Potentiometric surfaces show that groundwater in the Nacatoch aquifer flows southeast toward the Mississippi River in northeastern Arkansas. Groundwater flow direction is towards the south and southeast in Hempstead, Little River, and Nevada Counties in southwestern Arkansas. An apparent cone of depression exists in southern Clark County and likely alters groundwater flow from a regional direction toward the depression.
In southwestern Arkansas, potentiometric surfaces indicate that groundwater flow in the Tokio aquifer is towards the city of Hope. Northwest of Hope, an apparent cone of depression exists. In southwestern Pike, northwestern Nevada, and northeastern Hempstead Counties, an area of artesian flow (water levels are at or above land surface) exists.

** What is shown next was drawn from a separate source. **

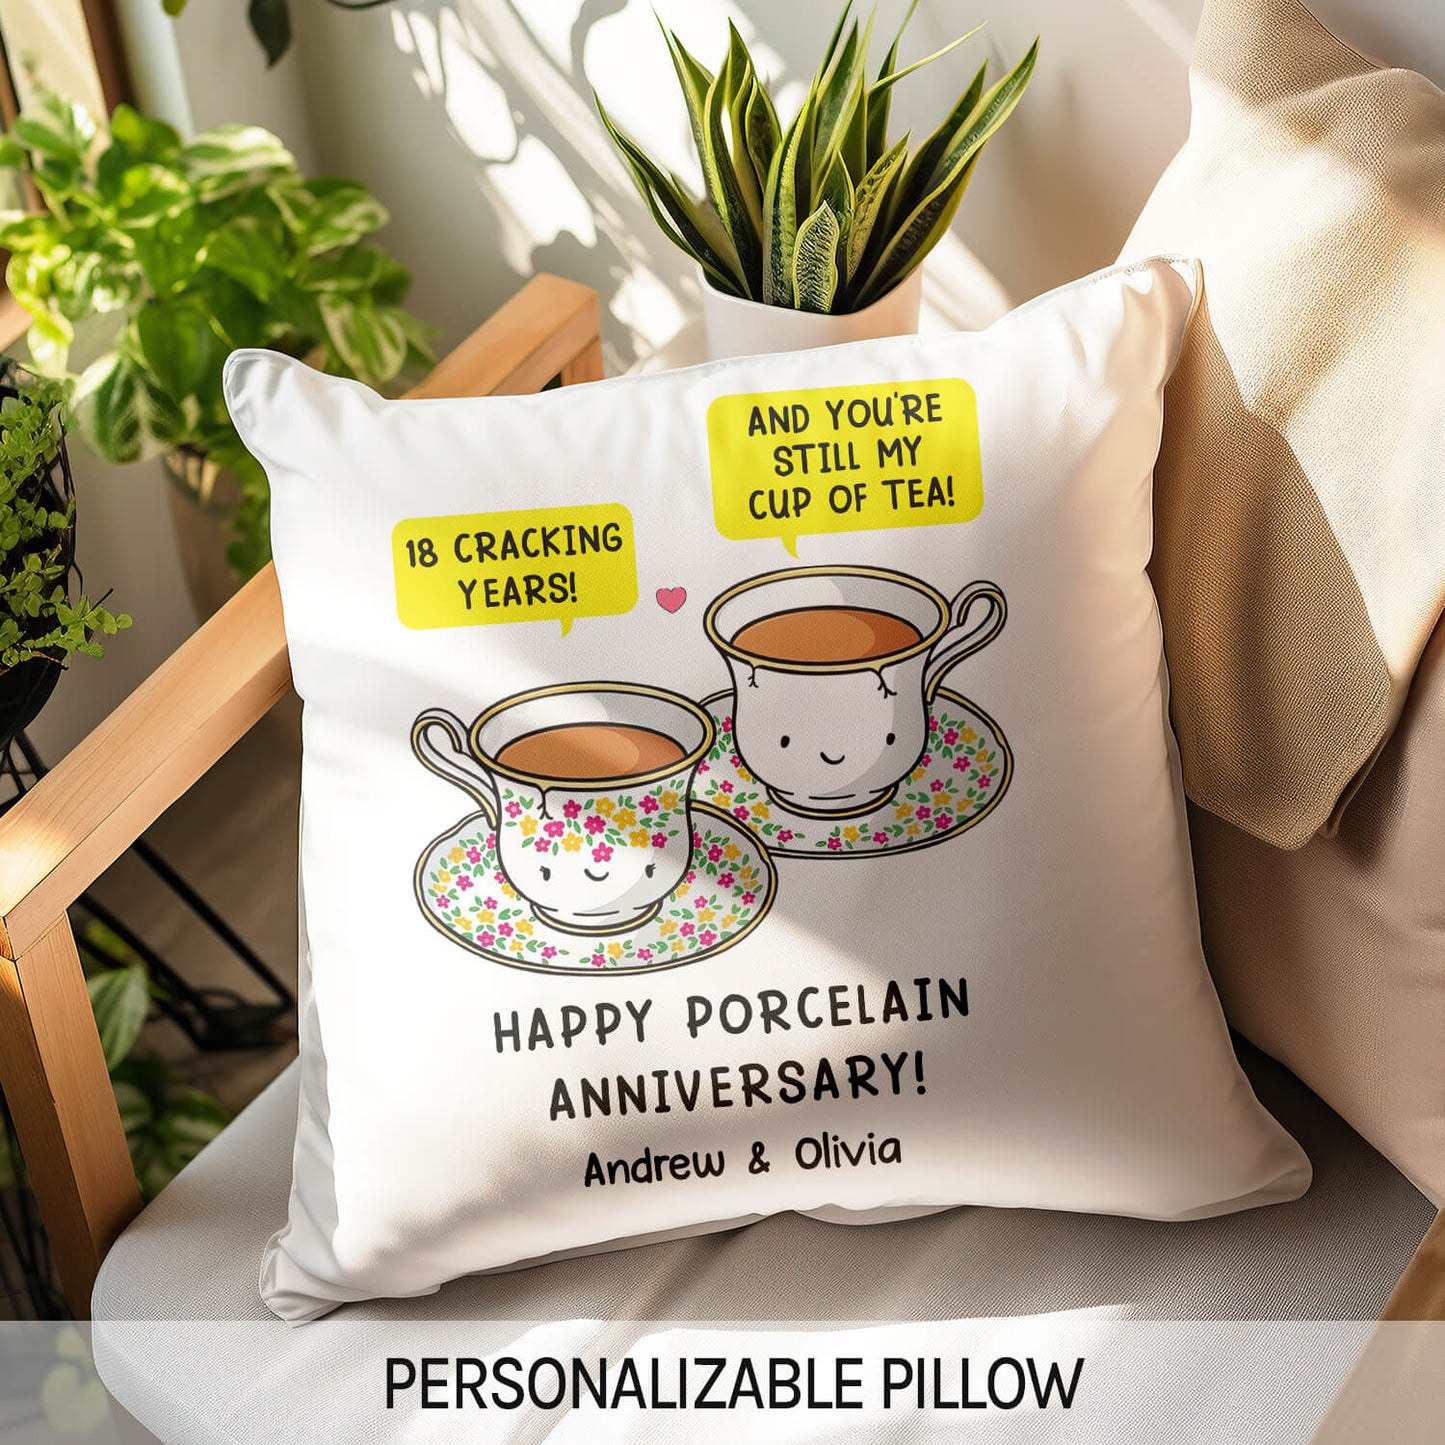 18 Cracking Years - Personalized 18 Year Anniversary gift For Husband or Wife - Custom Pillow - MyMindfulGifts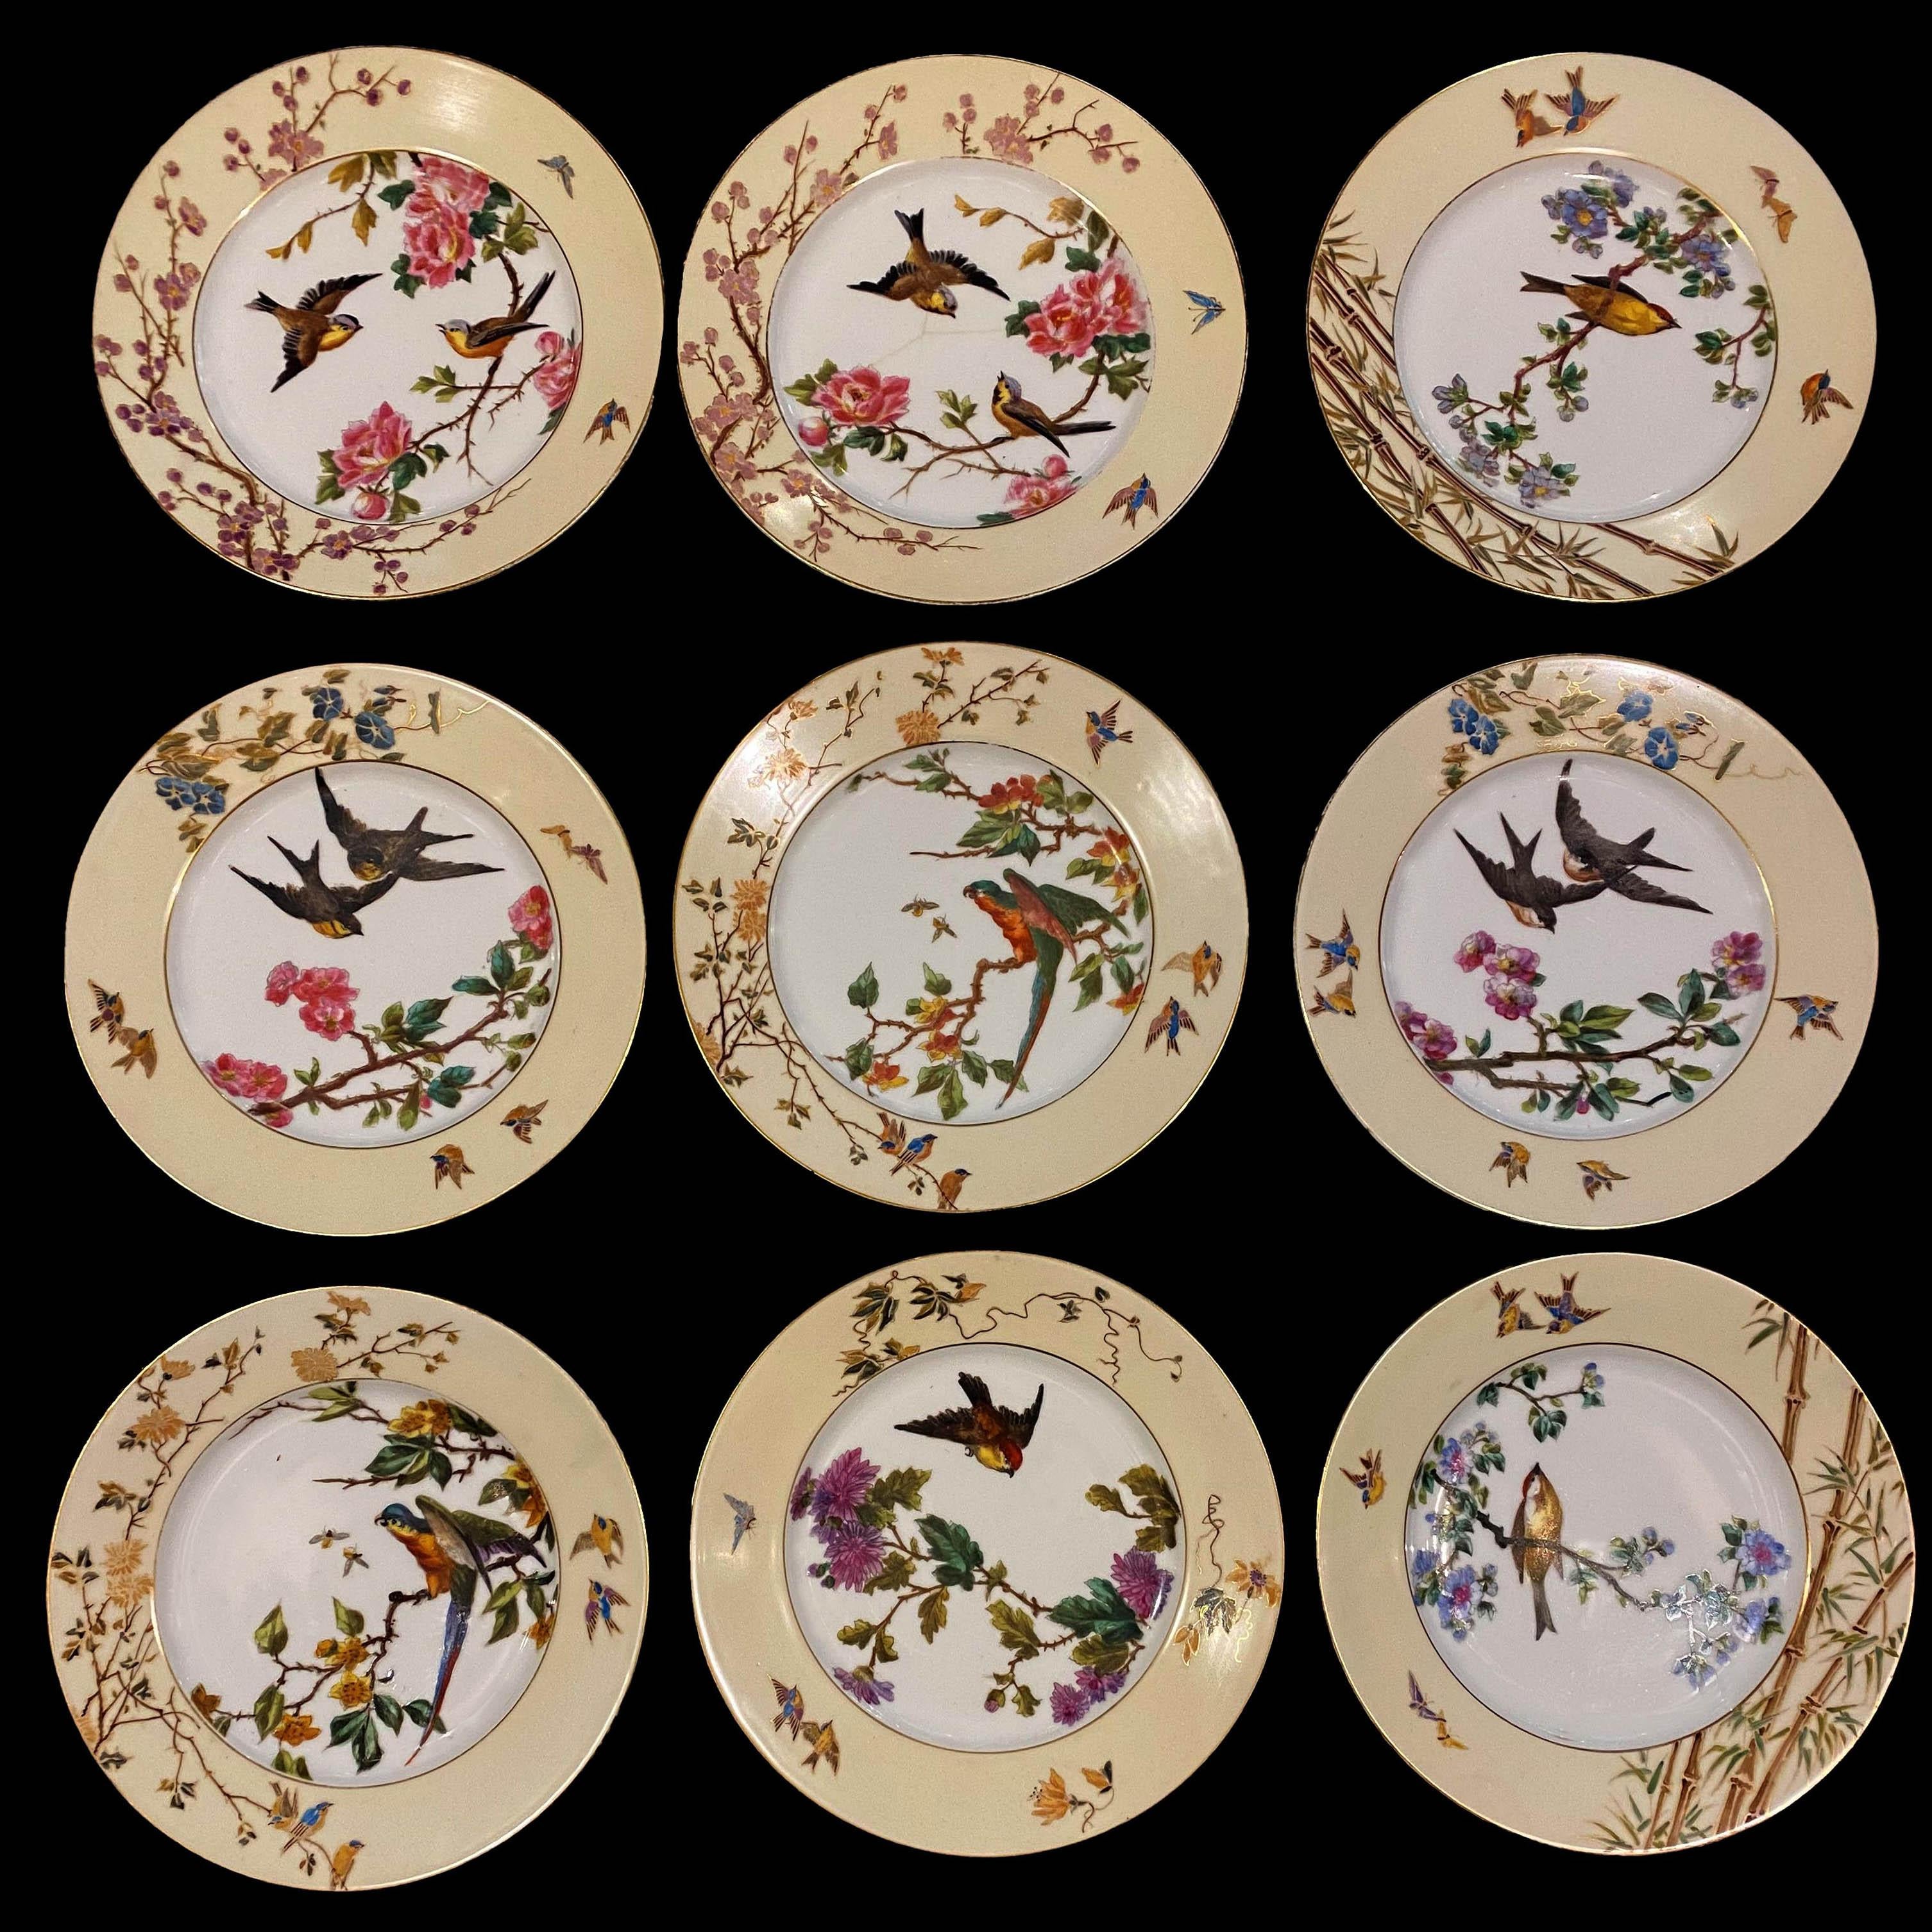 Aesthetic Movement 19th Dinner Set 57 Pieces Limoges by Charles Field Haviland 1

Water-level changes in wells were identified using two methods: (1) linear regression analysis of hydrographs from select wells with a minimum of 20 years of water-level data, and (2) a direct comparison between water-level measurements from 2008 and 2014–15 at each well. Of the six hydrographs analyzed in the Nacatoch aquifer, four indicated a decline in water levels. Compared to 2008 measurements, the largest rise in water levels was 35.14 feet (ft) in a well in Clark County, whereas the largest decline was 14.76 ft in a well in Nevada County, both located in southwestern Arkansas.
Of the four hydrographs analyzed in the Tokio aquifer, one indicated a decline in water levels, while the others remained relatively unchanged. Compared to 2008 measurements, the largest rise in water levels was 21.34 ft in Hempstead County, and the largest water-level decline was 39.37 ft in Clark County. Although changes in water levels since 2008 are spatially varied; long-term trends indicate an overall decline in water levels in both aquifers.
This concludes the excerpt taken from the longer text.